## Activity
Output exactly, in the material below, the lines from the one with "Potato Chips Coloring Page from Potato" through the one with "Metallic Faux Leather". Omit all pictures.

## Extracted information
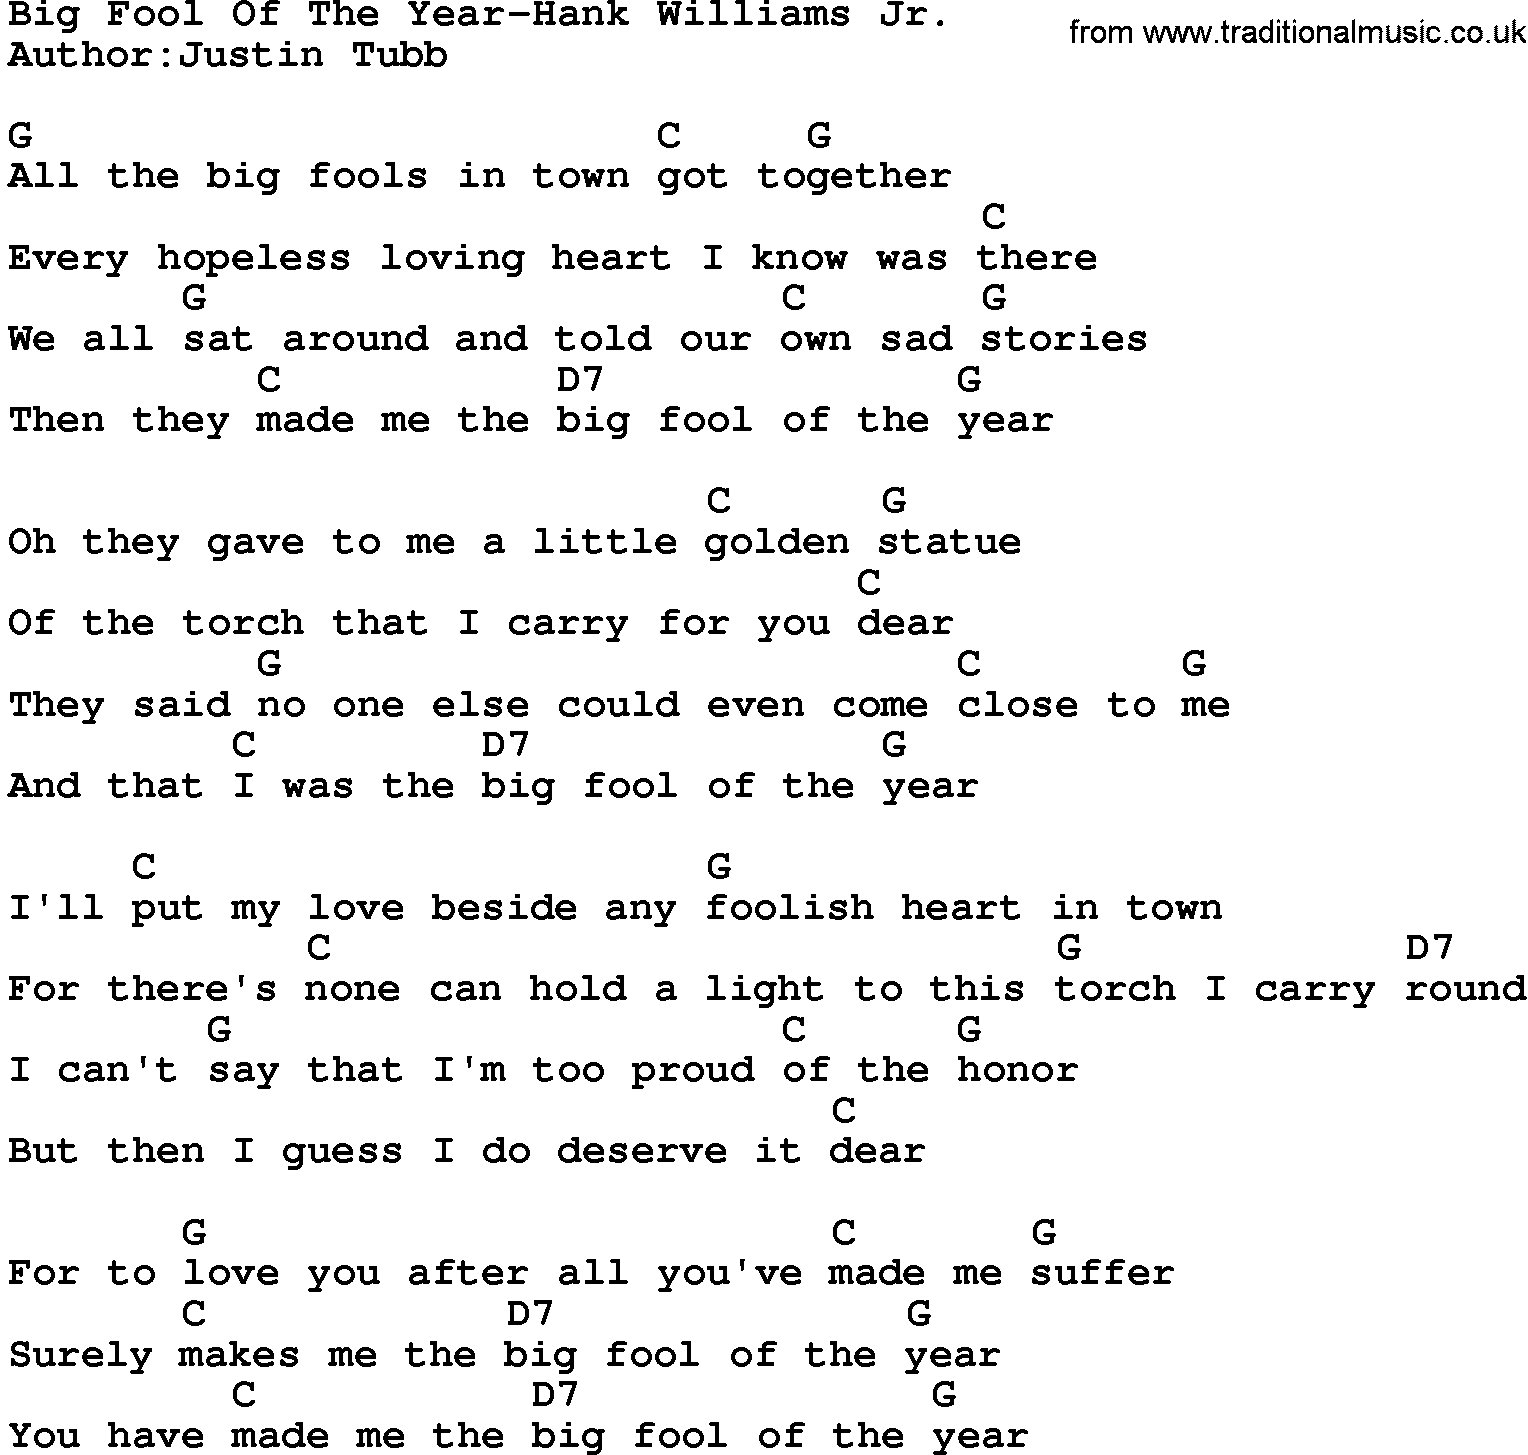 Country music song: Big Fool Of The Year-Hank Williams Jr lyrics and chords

* * *

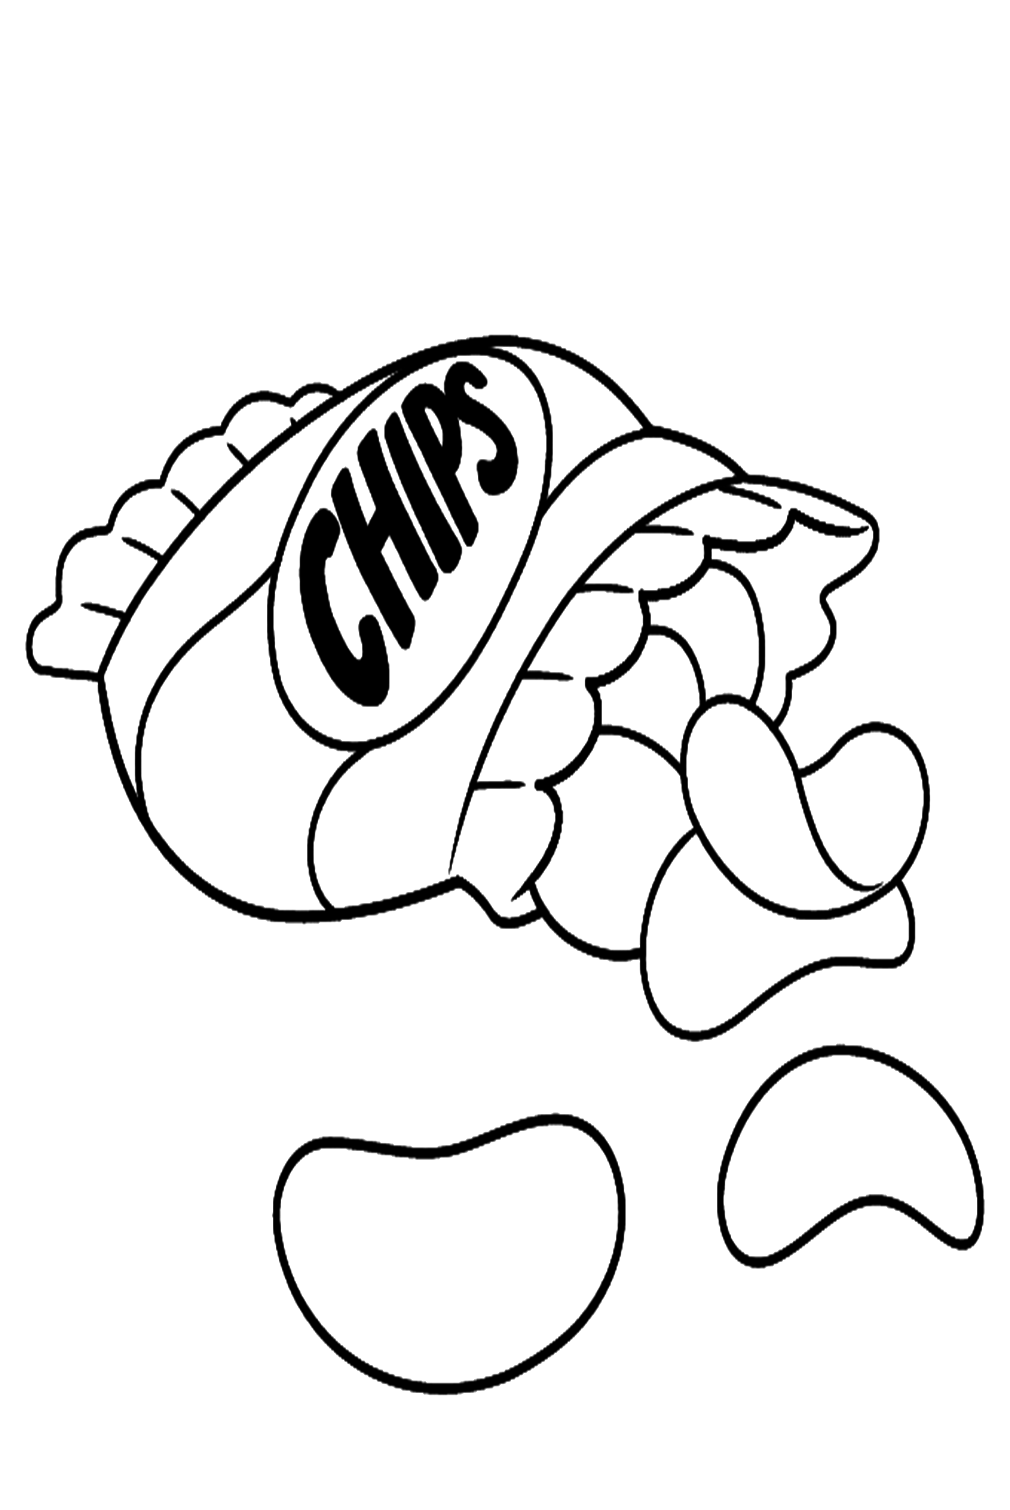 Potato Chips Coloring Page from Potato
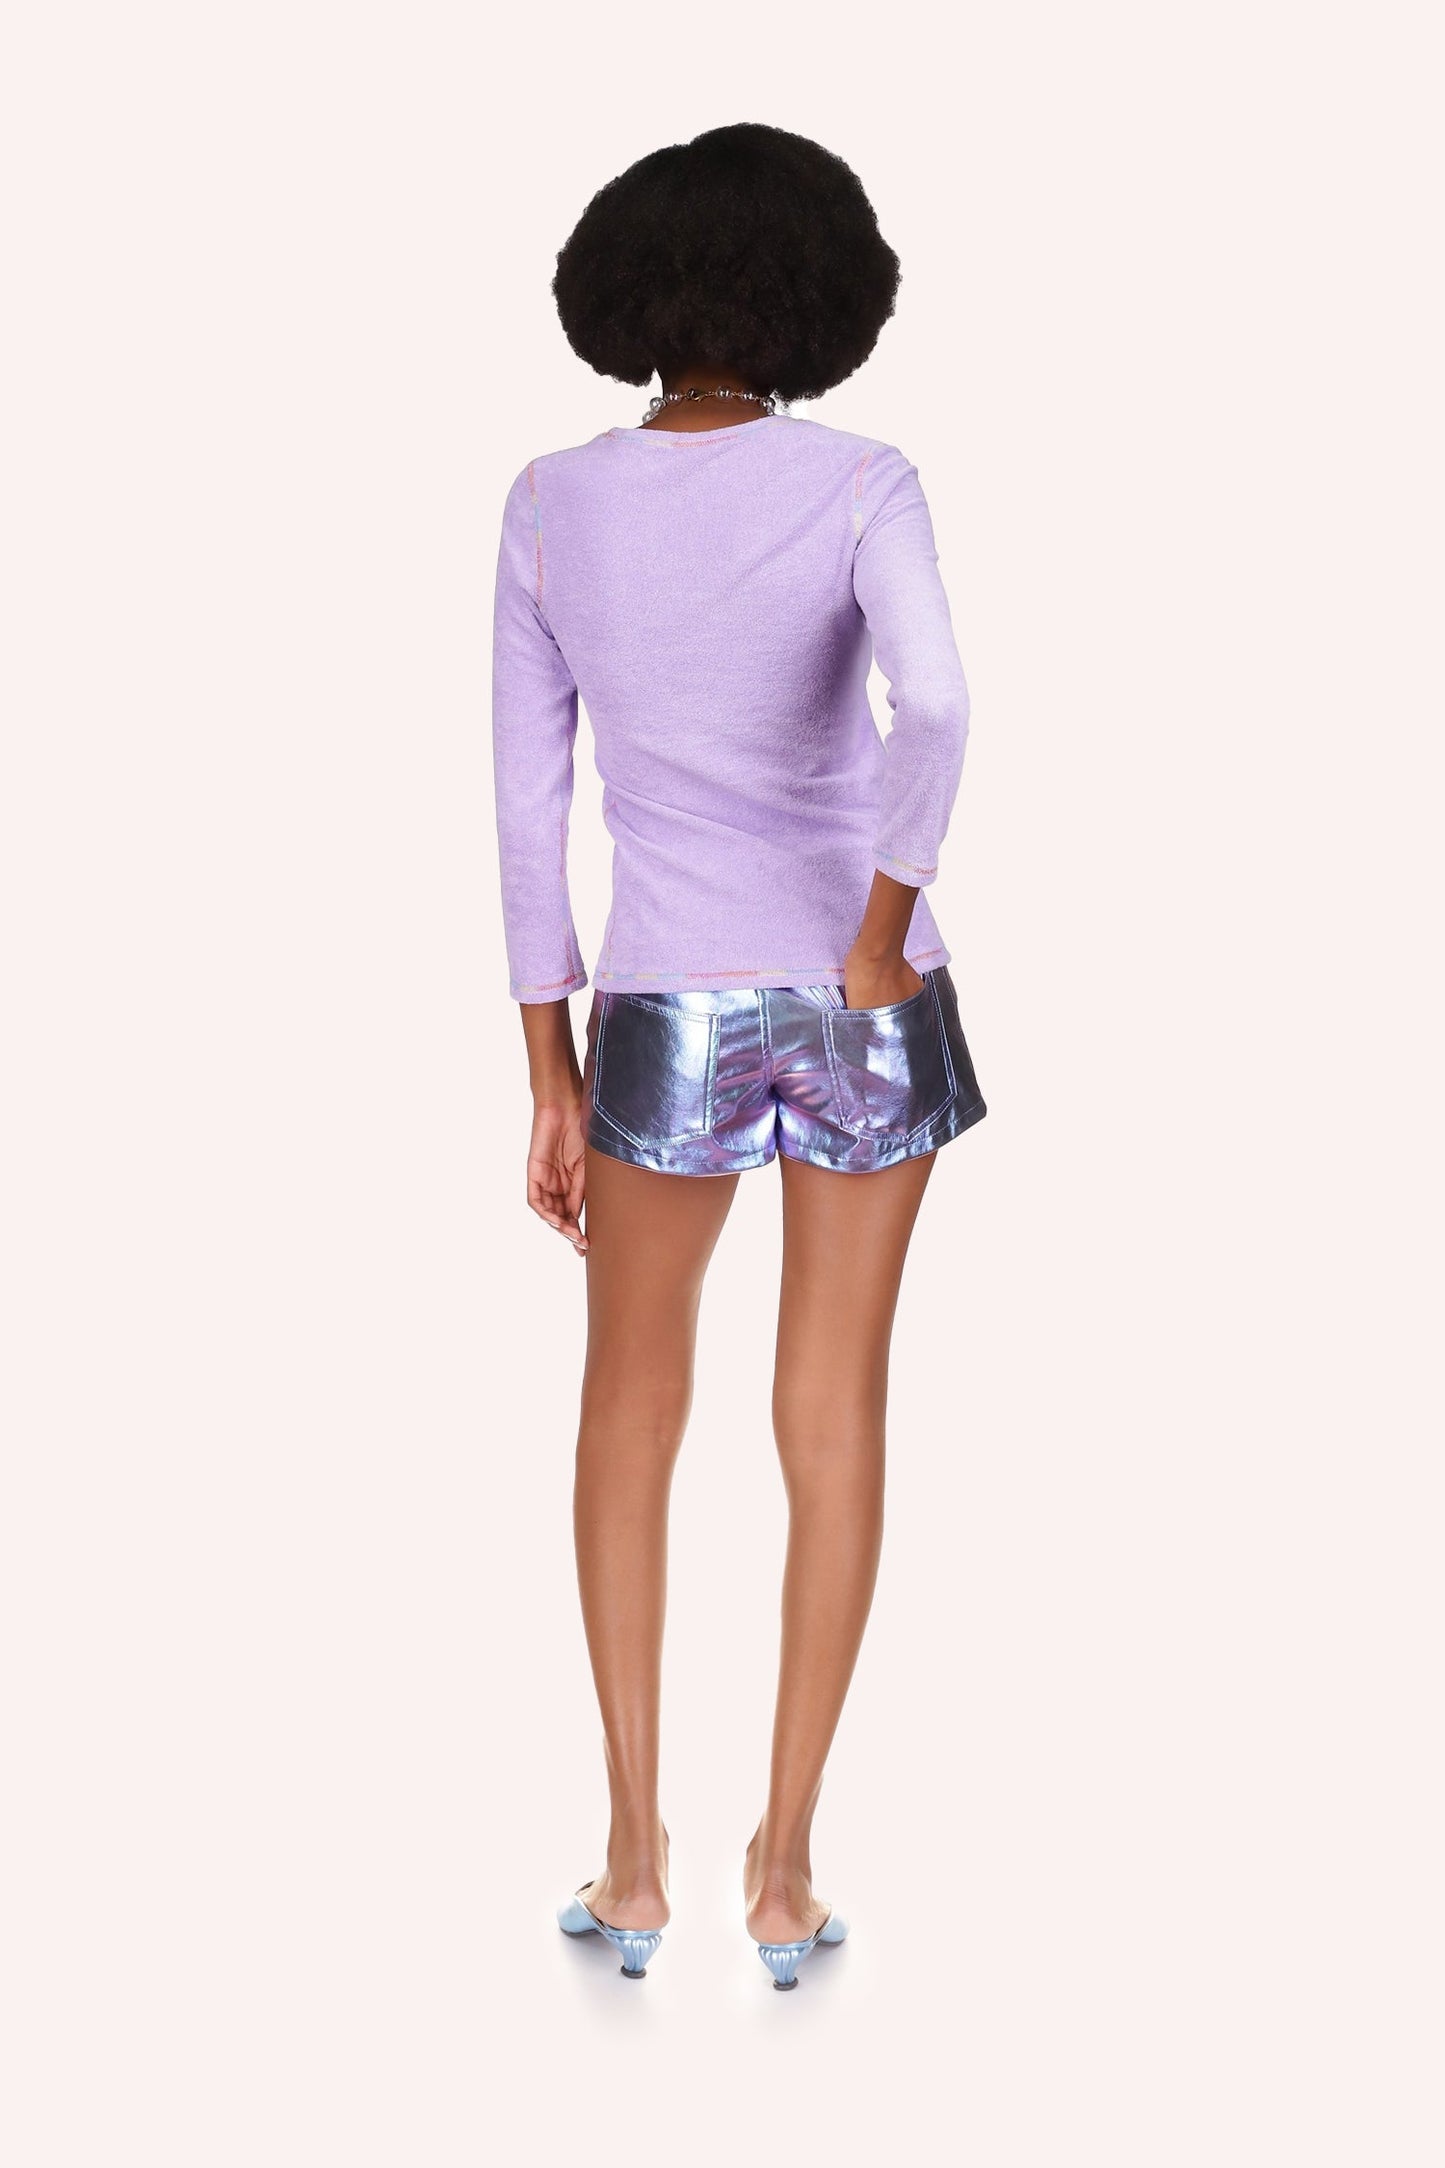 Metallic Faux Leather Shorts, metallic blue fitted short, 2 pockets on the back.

## The completed task
 Potato Chips Coloring Page from Potato
 Metallic Faux Leather Shorts, metallic blue fitted short, 2 pockets on the back.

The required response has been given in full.